Department of Psychiatry, New York University, New York, New York, USA.
Early Interv Psychiatry. 2011 Feb;5(1):76-80. doi: 10.1111/j.1751-7893.2010.00251.x.
Coping by families of patients with schizophrenia include 'approach' strategies considered to be adaptive (e.g. reinterpretation) and potentially maladaptive 'avoidant' strategies (denial/disengagement, use of alcohol and drugs). Little is known about coping strategies used by families of individuals with incipient or emergent psychosis.
Self-reported coping styles were assessed in family members of 11 ultra high risk and 12 recent-onset psychosis patients, using a modified version of Carver's Coping Orientations to Problems Experienced questionnaire.
Families reported moderate use of 'approach' coping (e.g. planning, seeking social support, positive reinterpretation, acceptance and turning to religion) and rare use of 'avoidant' coping strategies (denial/disengagement and use of alcohol and drugs).
The greater endorsement of 'approach' coping by these families is consistent with findings for families of first episode psychosis patients, and it is in contrast to more prevalent 'avoidant' coping by families of patients with more chronic psychotic illness.

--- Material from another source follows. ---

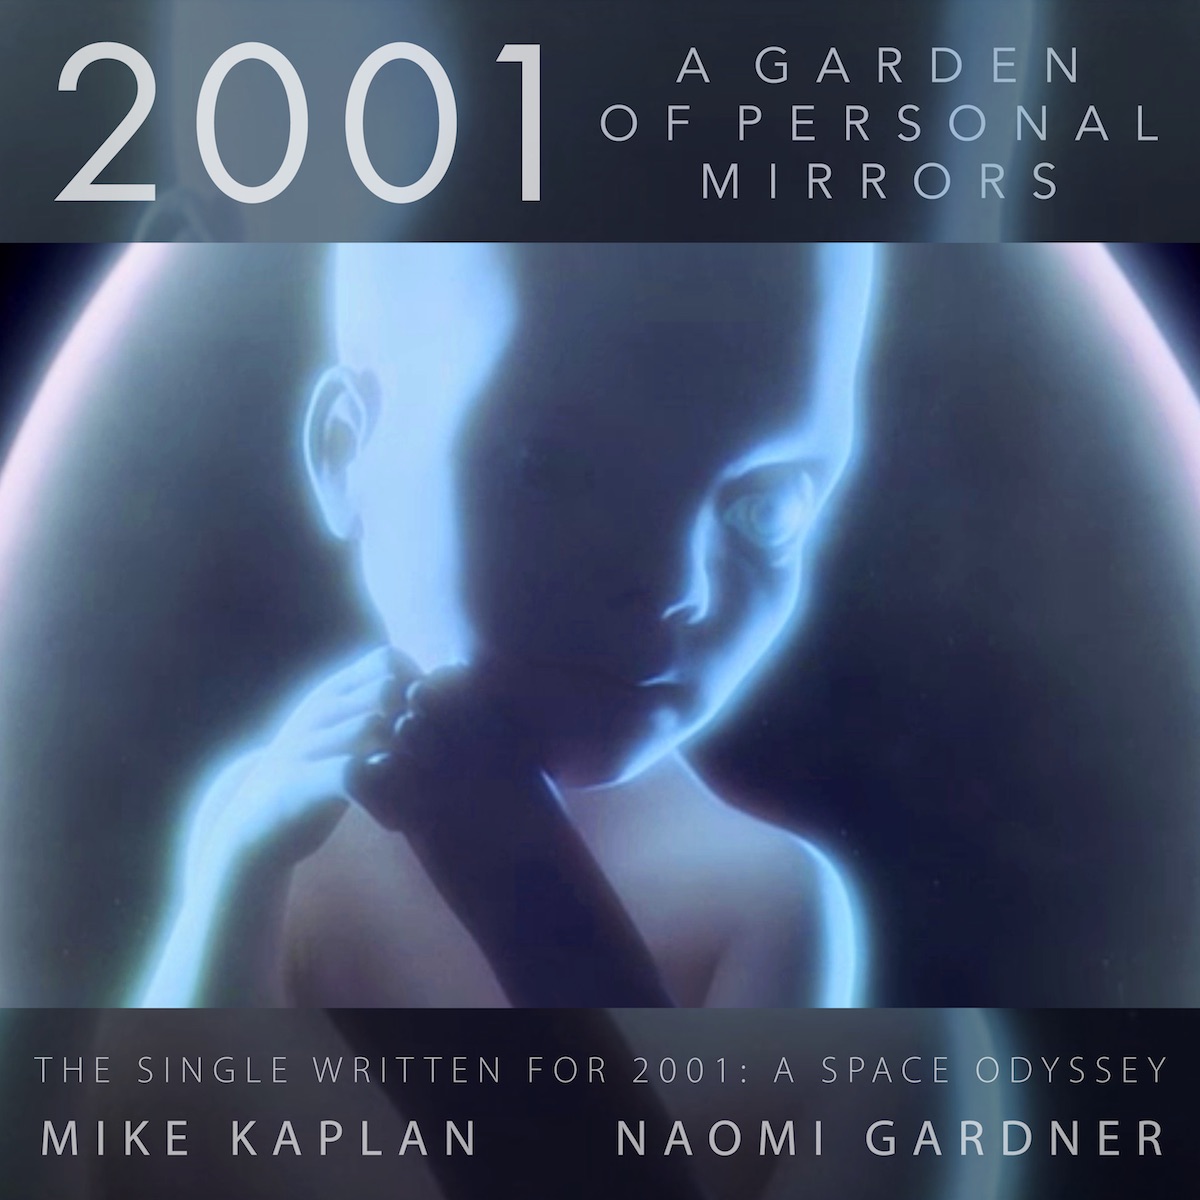 Mike Kaplan - 2001: A Garden of Personal Mirrors (The Single)

Early intervention could plausibly help families maintain the use of potentially more adaptive 'approach' coping strategies over time.
精神分裂症患者家属的应对方式包括被认为是适应性的“方法”策略(例如重新解释)和潜在的适应不良的“回避”策略(否认/脱离、使用酒精和药物)。对于处于初期或急性精神病发作的个体的家属所使用的应对策略知之甚少。
使用 Carver 的经验问题应对取向问卷的修改版,评估了 11 名超高风险和 12 名近期发病的精神病患者家属的自我报告应对方式。
家属报告了“方法”应对策略的中等使用(例如计划、寻求社会支持、积极重新解释、接受和求助于宗教),以及“回避”应对策略的罕见使用(否认/脱离和使用酒精和药物)。
这些家庭对“方法”应对策略的更大认可与首发精神病患者家庭的发现一致,这与更常见的慢性精神病患者家庭的“回避”应对策略形成对比。早期干预可能有助于家庭随着时间的推移保持使用潜在更具适应性的“方法”应对策略。